Your instructions » Word for word, reproduce every record in the listing below.
** Opening Data for processing block **
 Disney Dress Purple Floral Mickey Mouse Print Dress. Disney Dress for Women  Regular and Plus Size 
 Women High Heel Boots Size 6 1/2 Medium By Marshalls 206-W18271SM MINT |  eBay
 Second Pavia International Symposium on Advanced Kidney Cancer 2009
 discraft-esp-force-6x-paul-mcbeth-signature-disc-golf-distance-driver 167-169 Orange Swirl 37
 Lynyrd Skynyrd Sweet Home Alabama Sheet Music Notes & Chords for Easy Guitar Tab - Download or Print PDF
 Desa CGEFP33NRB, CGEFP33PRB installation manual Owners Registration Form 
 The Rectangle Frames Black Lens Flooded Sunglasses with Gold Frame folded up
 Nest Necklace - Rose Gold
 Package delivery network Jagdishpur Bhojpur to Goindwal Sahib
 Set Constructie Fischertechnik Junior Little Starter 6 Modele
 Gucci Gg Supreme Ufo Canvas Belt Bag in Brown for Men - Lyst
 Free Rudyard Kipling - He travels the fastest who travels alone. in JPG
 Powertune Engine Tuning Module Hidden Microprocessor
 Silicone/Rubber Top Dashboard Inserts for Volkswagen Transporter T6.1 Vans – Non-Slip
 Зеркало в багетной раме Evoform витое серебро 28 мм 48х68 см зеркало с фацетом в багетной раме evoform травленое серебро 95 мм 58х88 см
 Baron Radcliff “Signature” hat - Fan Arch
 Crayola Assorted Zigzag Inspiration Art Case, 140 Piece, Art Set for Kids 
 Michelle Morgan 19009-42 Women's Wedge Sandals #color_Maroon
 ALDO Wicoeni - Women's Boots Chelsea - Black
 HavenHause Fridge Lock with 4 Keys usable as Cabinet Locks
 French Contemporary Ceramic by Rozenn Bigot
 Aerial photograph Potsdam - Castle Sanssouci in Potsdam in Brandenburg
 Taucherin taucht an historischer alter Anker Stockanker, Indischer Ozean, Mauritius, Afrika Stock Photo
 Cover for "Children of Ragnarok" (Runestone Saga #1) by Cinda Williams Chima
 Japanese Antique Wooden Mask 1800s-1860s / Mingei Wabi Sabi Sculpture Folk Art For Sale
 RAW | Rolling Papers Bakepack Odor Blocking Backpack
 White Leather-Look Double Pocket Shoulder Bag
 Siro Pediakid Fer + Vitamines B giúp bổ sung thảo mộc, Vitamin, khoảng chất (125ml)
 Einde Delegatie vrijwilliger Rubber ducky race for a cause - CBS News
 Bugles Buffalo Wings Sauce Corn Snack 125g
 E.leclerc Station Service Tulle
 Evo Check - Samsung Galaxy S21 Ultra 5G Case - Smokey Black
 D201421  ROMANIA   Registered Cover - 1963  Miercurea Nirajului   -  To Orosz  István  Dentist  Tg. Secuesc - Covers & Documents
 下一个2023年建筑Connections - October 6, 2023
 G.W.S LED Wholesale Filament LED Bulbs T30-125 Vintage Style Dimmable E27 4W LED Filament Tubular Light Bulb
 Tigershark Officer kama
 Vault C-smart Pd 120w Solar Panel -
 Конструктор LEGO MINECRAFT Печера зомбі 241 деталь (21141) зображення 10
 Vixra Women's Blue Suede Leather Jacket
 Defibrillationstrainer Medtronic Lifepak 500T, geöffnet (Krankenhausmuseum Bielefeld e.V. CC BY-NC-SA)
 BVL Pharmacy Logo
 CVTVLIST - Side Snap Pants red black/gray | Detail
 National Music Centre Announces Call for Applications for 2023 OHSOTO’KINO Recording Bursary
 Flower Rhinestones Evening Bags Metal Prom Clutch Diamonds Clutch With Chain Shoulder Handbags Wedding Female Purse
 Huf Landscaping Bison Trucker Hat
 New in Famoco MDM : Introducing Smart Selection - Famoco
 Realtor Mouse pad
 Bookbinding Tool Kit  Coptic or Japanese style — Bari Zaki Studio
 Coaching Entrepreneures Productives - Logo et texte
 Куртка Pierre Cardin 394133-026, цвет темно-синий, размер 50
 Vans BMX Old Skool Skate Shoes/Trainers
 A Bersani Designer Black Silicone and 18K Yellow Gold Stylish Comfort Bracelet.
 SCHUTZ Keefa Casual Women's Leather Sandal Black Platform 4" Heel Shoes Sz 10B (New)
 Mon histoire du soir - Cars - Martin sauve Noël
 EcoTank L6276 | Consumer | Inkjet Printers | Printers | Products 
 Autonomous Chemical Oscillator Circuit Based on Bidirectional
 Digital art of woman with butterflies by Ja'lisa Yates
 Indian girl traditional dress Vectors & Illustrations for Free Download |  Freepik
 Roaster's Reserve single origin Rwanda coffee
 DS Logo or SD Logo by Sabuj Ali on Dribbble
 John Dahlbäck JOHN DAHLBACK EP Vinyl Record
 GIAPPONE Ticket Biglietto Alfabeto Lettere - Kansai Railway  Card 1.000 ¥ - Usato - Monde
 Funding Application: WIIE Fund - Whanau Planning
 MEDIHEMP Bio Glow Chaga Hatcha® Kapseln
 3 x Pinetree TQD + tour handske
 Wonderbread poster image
** Closing Data for processing block **
Expected output »
 Disney Dress Purple Floral Mickey Mouse Print Dress. Disney Dress for Women  Regular and Plus Size 
 Women High Heel Boots Size 6 1/2 Medium By Marshalls 206-W18271SM MINT |  eBay
 Second Pavia International Symposium on Advanced Kidney Cancer 2009
 discraft-esp-force-6x-paul-mcbeth-signature-disc-golf-distance-driver 167-169 Orange Swirl 37
 Lynyrd Skynyrd Sweet Home Alabama Sheet Music Notes & Chords for Easy Guitar Tab - Download or Print PDF
 Desa CGEFP33NRB, CGEFP33PRB installation manual Owners Registration Form 
 The Rectangle Frames Black Lens Flooded Sunglasses with Gold Frame folded up
 Nest Necklace - Rose Gold
 Package delivery network Jagdishpur Bhojpur to Goindwal Sahib
 Set Constructie Fischertechnik Junior Little Starter 6 Modele
 Gucci Gg Supreme Ufo Canvas Belt Bag in Brown for Men - Lyst
 Free Rudyard Kipling - He travels the fastest who travels alone. in JPG
 Powertune Engine Tuning Module Hidden Microprocessor
 Silicone/Rubber Top Dashboard Inserts for Volkswagen Transporter T6.1 Vans – Non-Slip
 Зеркало в багетной раме Evoform витое серебро 28 мм 48х68 см зеркало с фацетом в багетной раме evoform травленое серебро 95 мм 58х88 см
 Baron Radcliff “Signature” hat - Fan Arch
 Crayola Assorted Zigzag Inspiration Art Case, 140 Piece, Art Set for Kids 
 Michelle Morgan 19009-42 Women's Wedge Sandals #color_Maroon
 ALDO Wicoeni - Women's Boots Chelsea - Black
 HavenHause Fridge Lock with 4 Keys usable as Cabinet Locks
 French Contemporary Ceramic by Rozenn Bigot
 Aerial photograph Potsdam - Castle Sanssouci in Potsdam in Brandenburg
 Taucherin taucht an historischer alter Anker Stockanker, Indischer Ozean, Mauritius, Afrika Stock Photo
 Cover for "Children of Ragnarok" (Runestone Saga #1) by Cinda Williams Chima
 Japanese Antique Wooden Mask 1800s-1860s / Mingei Wabi Sabi Sculpture Folk Art For Sale
 RAW | Rolling Papers Bakepack Odor Blocking Backpack
 White Leather-Look Double Pocket Shoulder Bag
 Siro Pediakid Fer + Vitamines B giúp bổ sung thảo mộc, Vitamin, khoảng chất (125ml)
 Einde Delegatie vrijwilliger Rubber ducky race for a cause - CBS News
 Bugles Buffalo Wings Sauce Corn Snack 125g
 E.leclerc Station Service Tulle
 Evo Check - Samsung Galaxy S21 Ultra 5G Case - Smokey Black
 D201421  ROMANIA   Registered Cover - 1963  Miercurea Nirajului   -  To Orosz  István  Dentist  Tg. Secuesc - Covers & Documents
 下一个2023年建筑Connections - October 6, 2023
 G.W.S LED Wholesale Filament LED Bulbs T30-125 Vintage Style Dimmable E27 4W LED Filament Tubular Light Bulb
 Tigershark Officer kama
 Vault C-smart Pd 120w Solar Panel -
 Конструктор LEGO MINECRAFT Печера зомбі 241 деталь (21141) зображення 10
 Vixra Women's Blue Suede Leather Jacket
 Defibrillationstrainer Medtronic Lifepak 500T, geöffnet (Krankenhausmuseum Bielefeld e.V. CC BY-NC-SA)
 BVL Pharmacy Logo
 CVTVLIST - Side Snap Pants red black/gray | Detail
 National Music Centre Announces Call for Applications for 2023 OHSOTO’KINO Recording Bursary
 Flower Rhinestones Evening Bags Metal Prom Clutch Diamonds Clutch With Chain Shoulder Handbags Wedding Female Purse
 Huf Landscaping Bison Trucker Hat
 New in Famoco MDM : Introducing Smart Selection - Famoco
 Realtor Mouse pad
 Bookbinding Tool Kit  Coptic or Japanese style — Bari Zaki Studio
 Coaching Entrepreneures Productives - Logo et texte
 Куртка Pierre Cardin 394133-026, цвет темно-синий, размер 50
 Vans BMX Old Skool Skate Shoes/Trainers
 A Bersani Designer Black Silicone and 18K Yellow Gold Stylish Comfort Bracelet.
 SCHUTZ Keefa Casual Women's Leather Sandal Black Platform 4" Heel Shoes Sz 10B (New)
 Mon histoire du soir - Cars - Martin sauve Noël
 EcoTank L6276 | Consumer | Inkjet Printers | Printers | Products 
 Autonomous Chemical Oscillator Circuit Based on Bidirectional
 Digital art of woman with butterflies by Ja'lisa Yates
 Indian girl traditional dress Vectors & Illustrations for Free Download |  Freepik
 Roaster's Reserve single origin Rwanda coffee
 DS Logo or SD Logo by Sabuj Ali on Dribbble
 John Dahlbäck JOHN DAHLBACK EP Vinyl Record
 GIAPPONE Ticket Biglietto Alfabeto Lettere - Kansai Railway  Card 1.000 ¥ - Usato - Monde
 Funding Application: WIIE Fund - Whanau Planning
 MEDIHEMP Bio Glow Chaga Hatcha® Kapseln
 3 x Pinetree TQD + tour handske
 Wonderbread poster image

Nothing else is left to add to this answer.